Re: Online checksums verification in the backend

From: Michael Paquier <michael(at)paquier(dot)xyz>
To: Andres Freund <andres(at)anarazel(dot)de>
Cc: Robert Haas <robertmhaas(at)gmail(dot)com>, Julien Rouhaud <rjuju123(at)gmail(dot)com>, Justin Pryzby <pryzby(at)telsasoft(dot)com>, Masahiko Sawada <masahiko(dot)sawada(at)2ndquadrant(dot)com>, PostgreSQL Hackers <pgsql-hackers(at)lists(dot)postgresql(dot)org>, Masahiko Sawada <sawada(dot)mshk(at)gmail(dot)com>
Subject: Re: Online checksums verification in the backend
Date: 2020-11-03 09:46:12
Views: Raw Message | Whole Thread | Download mbox | Resend email
Lists: pgsql-hackers

On Mon, Nov 02, 2020 at 11:34:57AM -0800, Andres Freund wrote:
> On 2020-11-02 12:35:30 -0500, Robert Haas wrote:
>> On Thu, Oct 29, 2020 at 2:17 PM Andres Freund <andres(at)anarazel(dot)de> wrote:
>>> I think this needs to be quickly reworked or reverted.
> I think it's fairly clear by now that revert is appropriate for now.

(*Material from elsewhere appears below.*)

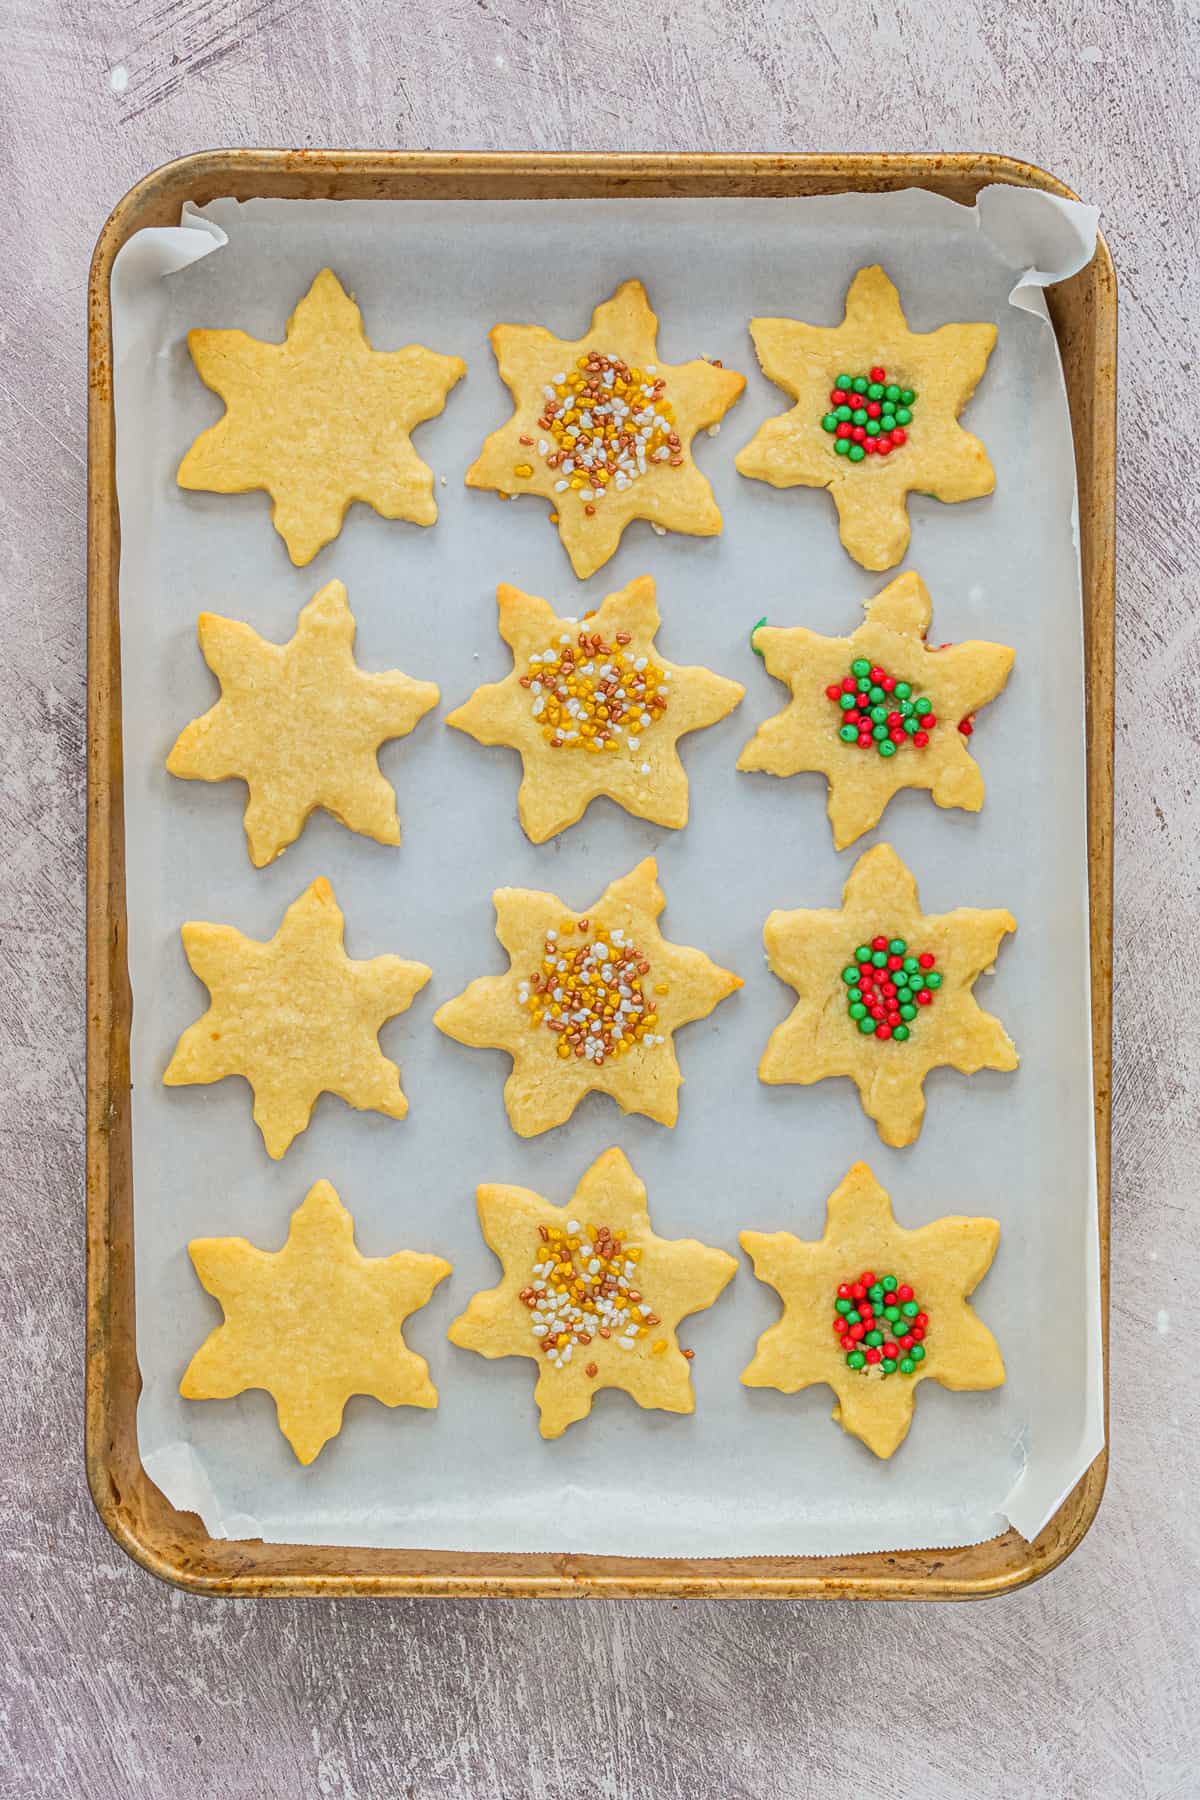 Snowflake Shortbread Cookies on lined baking sheet. Some are topped with sprinkles, others are plain

Yep, that's clear. I'll deal with that tomorrow. That's more than a
simple rework.

>> I don't like this patch, either. In addition to what Andres mentioned,
>> CheckBuffer() is a completely-special case mechanism which can't be
>> reused by anything else. In particular, the amcheck for heap stuff
>> which I recently committed (866e24d47db1743dfcff5bd595b57e3a143f2cb1)
>> would really like a way to examine a buffer without risking an error
>> if PageIsVerified() should happen to fail, but this patch is of
>> absolutely no use in getting there, because CheckBuffer() doesn't give
>> the caller any way to access the contents of the buffer. It can only
>> do the checks that it knows how to do, and that's it. That doesn't
>> seem like a good design.
> Wouldn't this be better served by having a ReadBufferExtended() flag,
> preventing erroring out and zeroing the buffer? I'm not sure that
> handling both the case where the buffer contents need to be valid and
> the one where it doesn't will make for a good API.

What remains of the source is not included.